For each service (HTTP handler, gRPC method, internal queue), record three time series:

Letter	Metric	Units	Prometheus type
R	Rate	requests / second	counter (rated via `rate()`)
E	Errors	errors / second, broken out by status	counter
D	Duration	latency distribution	histogram

Why these three? Because together they characterize a service the way a SLO does: "99% of requests succeed in under T seconds."

Rate alone tells you load; without errors, you don't know if load broke the service.
Errors alone tell you brokenness; without rate, you don't know if it's bad-input or bad-service.
Duration alone tells you slowness; without rate and errors, you don't know if slow + few succeeded > fast + all failed.

RED for LLM serving¶

For the Phase 33 server, RED instantiates as:

Rate. http_requests_total{endpoint, method, status} — Prometheus counter. PromQL: rate(http_requests_total[1m]) gives RPS.
Errors. Already in the same counter — filter by status="5xx". Separate counter llm_generation_errors_total{reason} for application errors (e.g., prompt_too_long, kv_cache_full).
Duration. Two histograms:
request_duration_seconds — end-to-end (HTTP-in to HTTP-out).
time_to_first_token_seconds (TTFT) — the LLM-specific one. Distinguishes "user is staring at a blank screen" from "user is reading the response".

Bucket choice matters. For LLMs:

buckets = (0.05, 0.1, 0.25, 0.5, 1, 2, 5, 10, 20, 30, 60, 120, float("inf"))

13 buckets covering ~3.5 decades.
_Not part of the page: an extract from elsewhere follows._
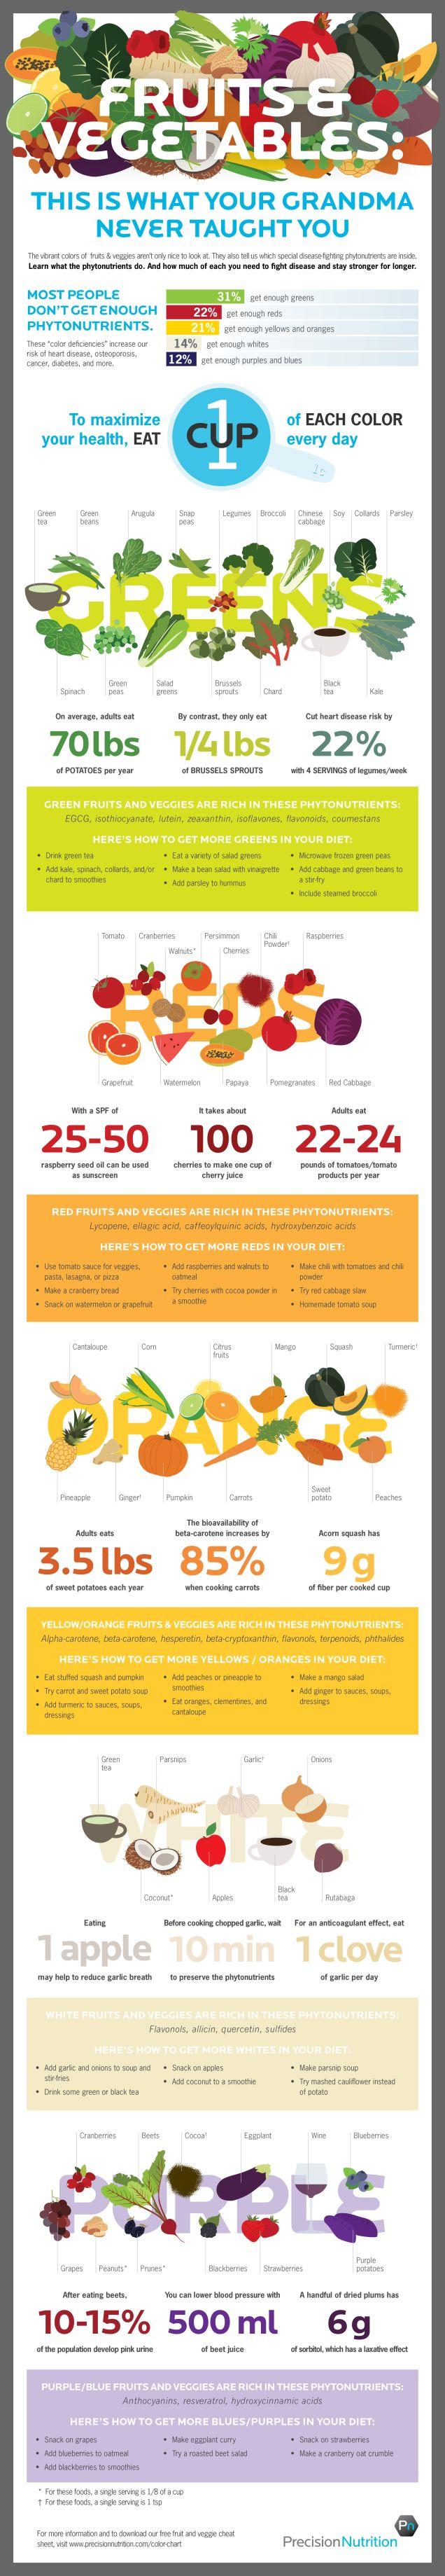 beneficii fructe legume dupa culoare

Don't add more — each bucket is its own time series, and cardinality is your enemy.

USE¶

For each resource (CPU, RAM, disk, network NIC, GPU, queue), record three time series:

Letter	Metric	Question
U	Utilization	what fraction of the resource is busy?
S	Saturation	how much extra work is queued waiting for the resource?
E	Errors	what error events did the resource emit?

The USE method's clarity comes from a simple flowchart: for every resource, ask the three questions. If any answer is concerning, drill there first.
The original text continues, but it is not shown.